Falkland offered no comment.

The crew compartment smelled of fresh paint. Reese saw the tug’s engineer, a tiny man named Chung, working on a bulkhead fire alarm. His head was bobbing to music he was feeding to his aural nerves. Chung was so into the technophilic Destinarian movement he was turning himself slice by slice into a machine. His eyes were clear implants that showed the interior silver circuitry; his ears were replaced by featureless black boxes, and there were other boxes of obscure purpose jacked into his hairless scalp. His teeth were metal, and liquid crystal jewelry, powered by nerve circuitry, shone in ever-changing patterns on his cheeks and on the backs of his hands.
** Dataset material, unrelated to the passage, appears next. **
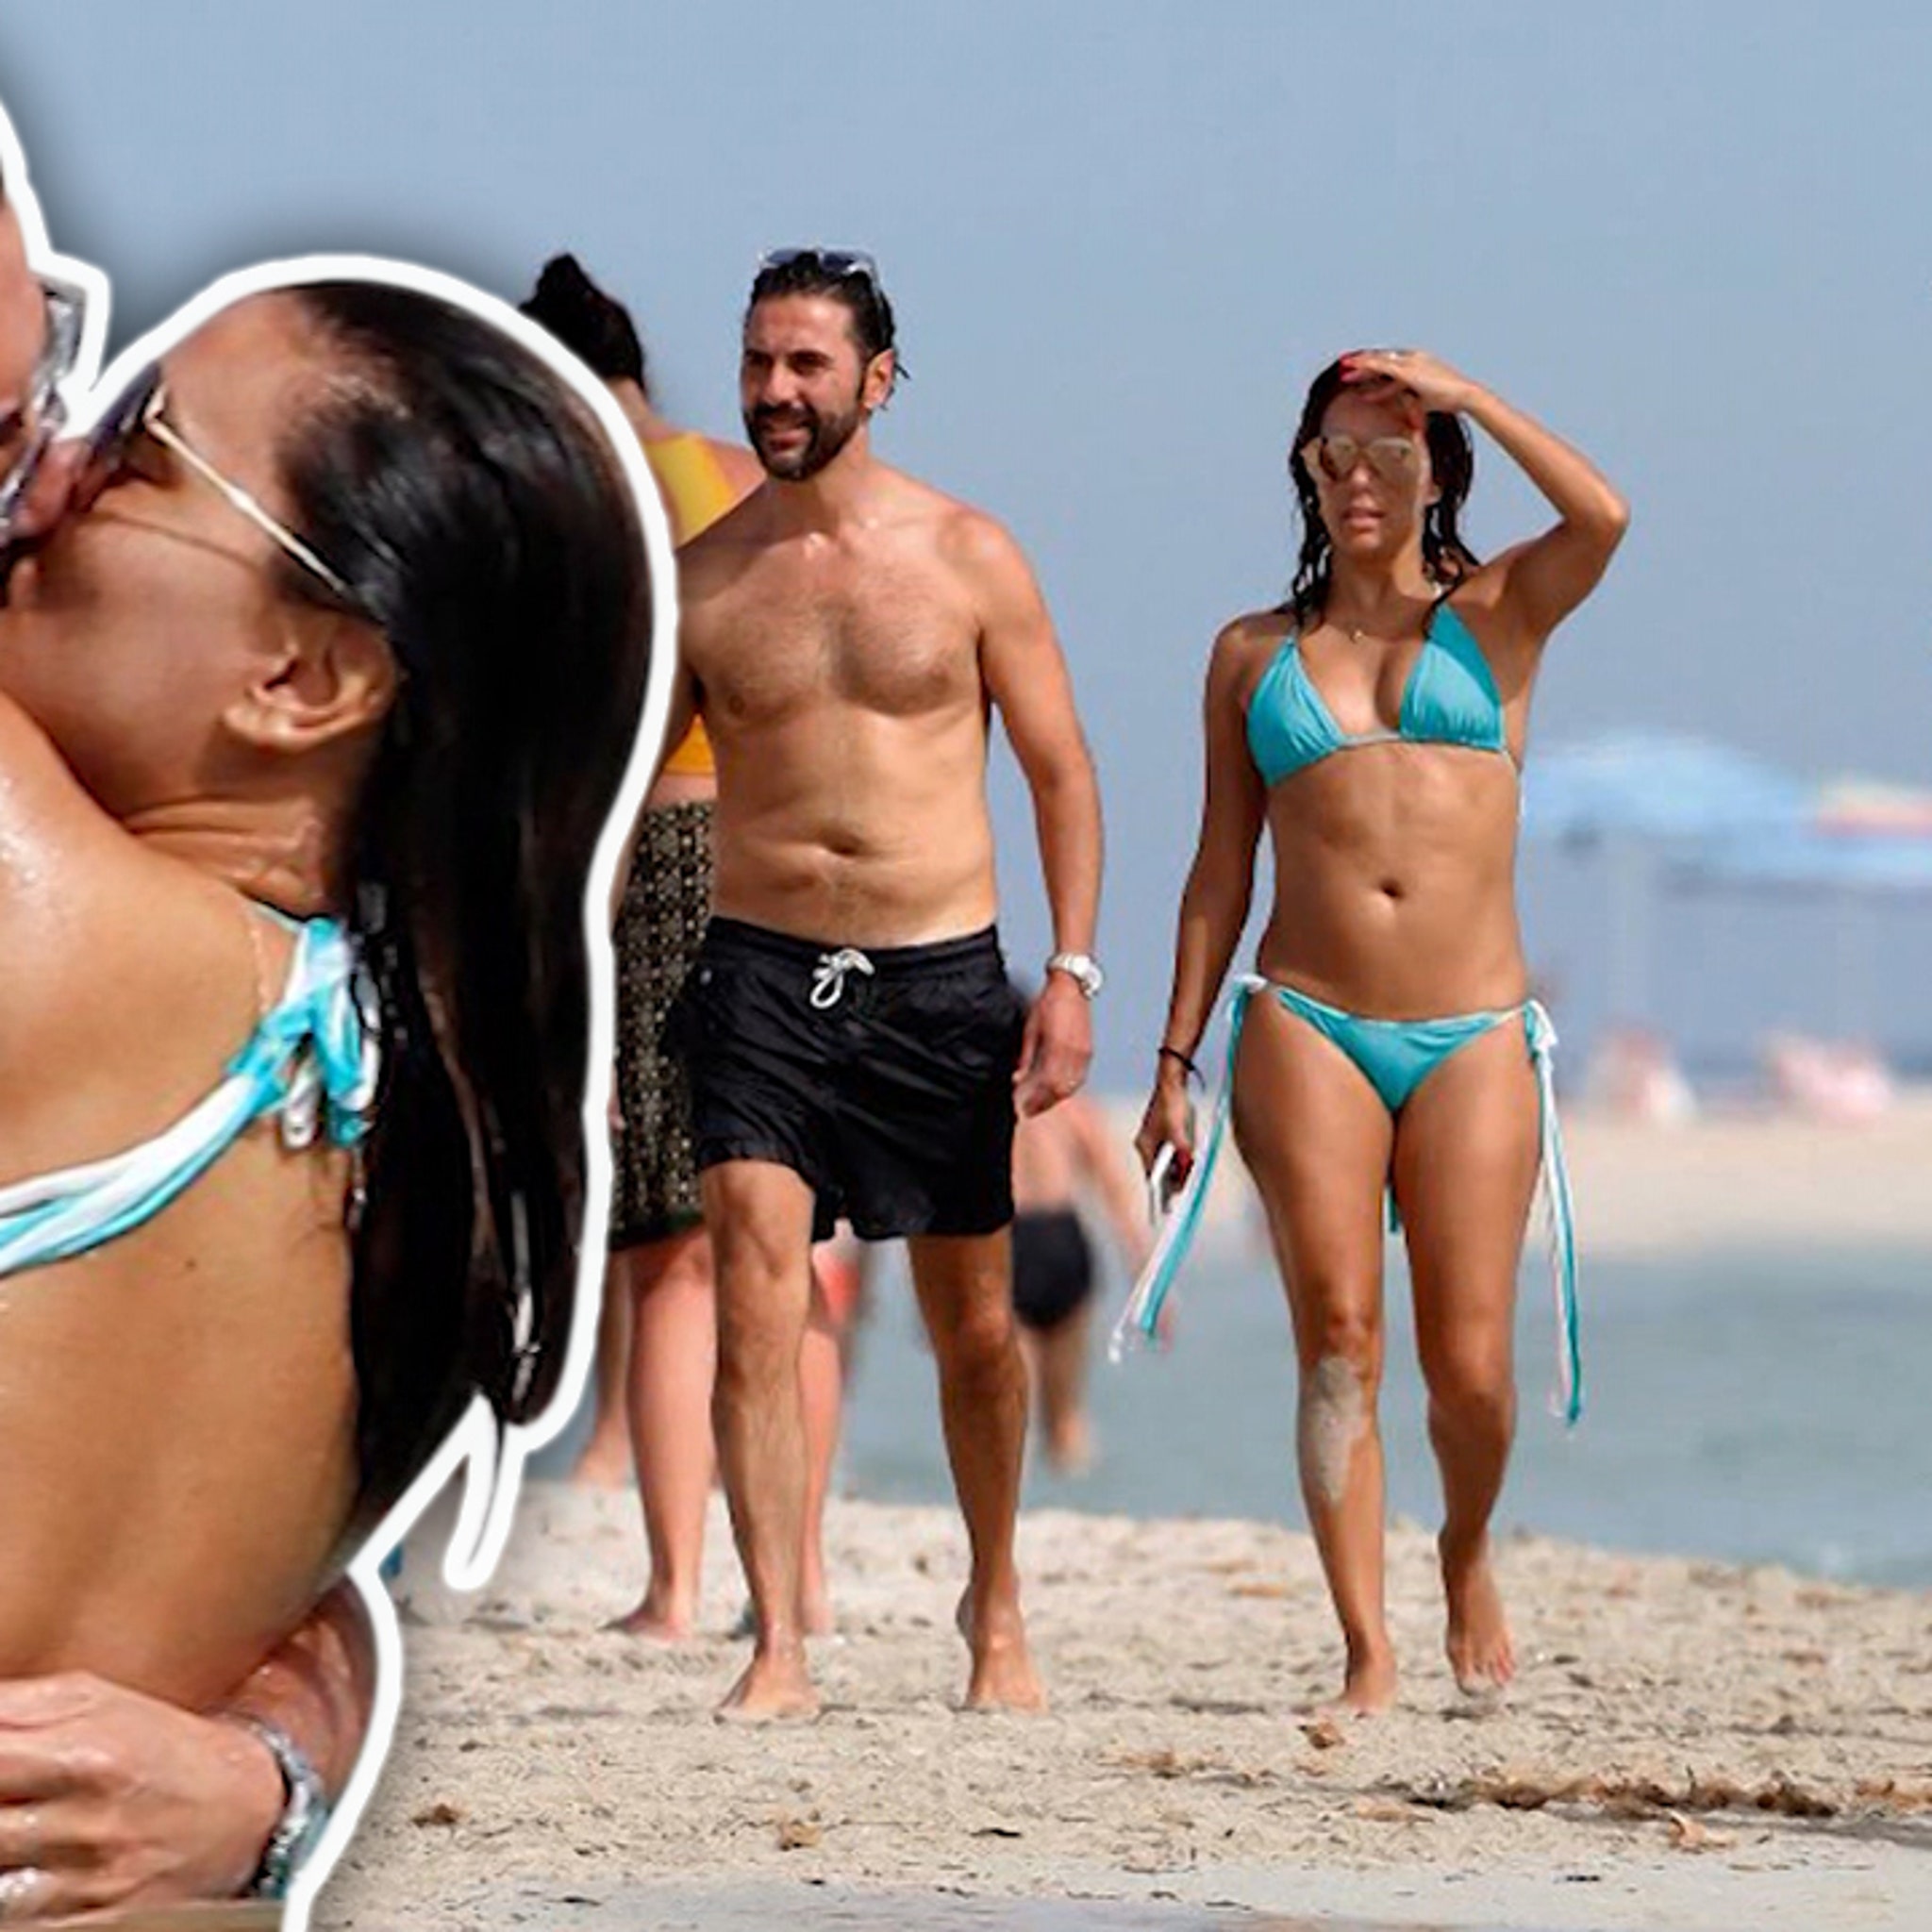 Nude Beach Fun Videos - Eva Longoria On A Nude Beach?!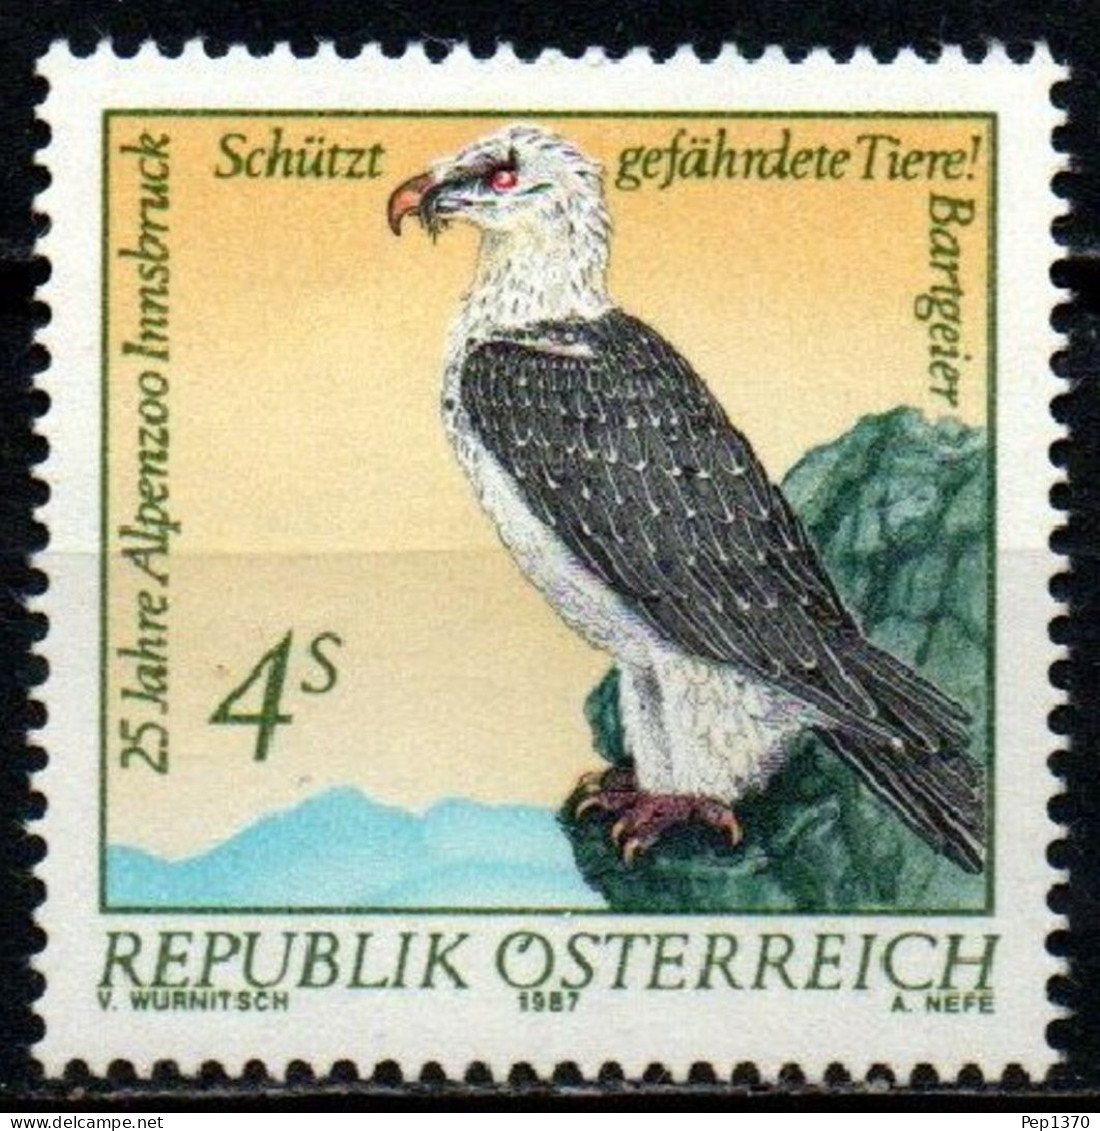 AUSTRIA 1987 - AVE DEL ZOO DE INNSBRUCK - YVERT 1730** - Unused Stamps

He hadn’t said anything when Berger introduced him, just looked at Reese for a moment, then turned back to his engines.

Now he said something. His voice was hoarse, as if he wasn’t used to using it. “He’s downship. In Cargo B.”

His back was to Reese, and she had been moving quietly. His head still bobbed to inaudible music. He hadn’t even turned his head to speak. “Thanks,” she said. “Nice implants.”

“The best. I built ’em myself.”

“Aren’t you supposed to be monitoring the burn?”

He pointed at one of his boxes. “I am.”

“Nice.”

She always found she had common ground with control freaks.

Vickers was in Cargo B, as Chung had promised. He was Reese’s armorer, hired by Berger for the sole purpose of maintaining the combat suit that Reese was to wear on Cuervo. Vickers was young, about eighteen, and thin. His dark hair was cut short; he had a stammer and severe acne. He was dressed in oil-spattered coveralls. When Reese walked in, Vickers was peeling the suit’s components out of their foam packing. She helped him lay the suit on the deck. Vickers grinned.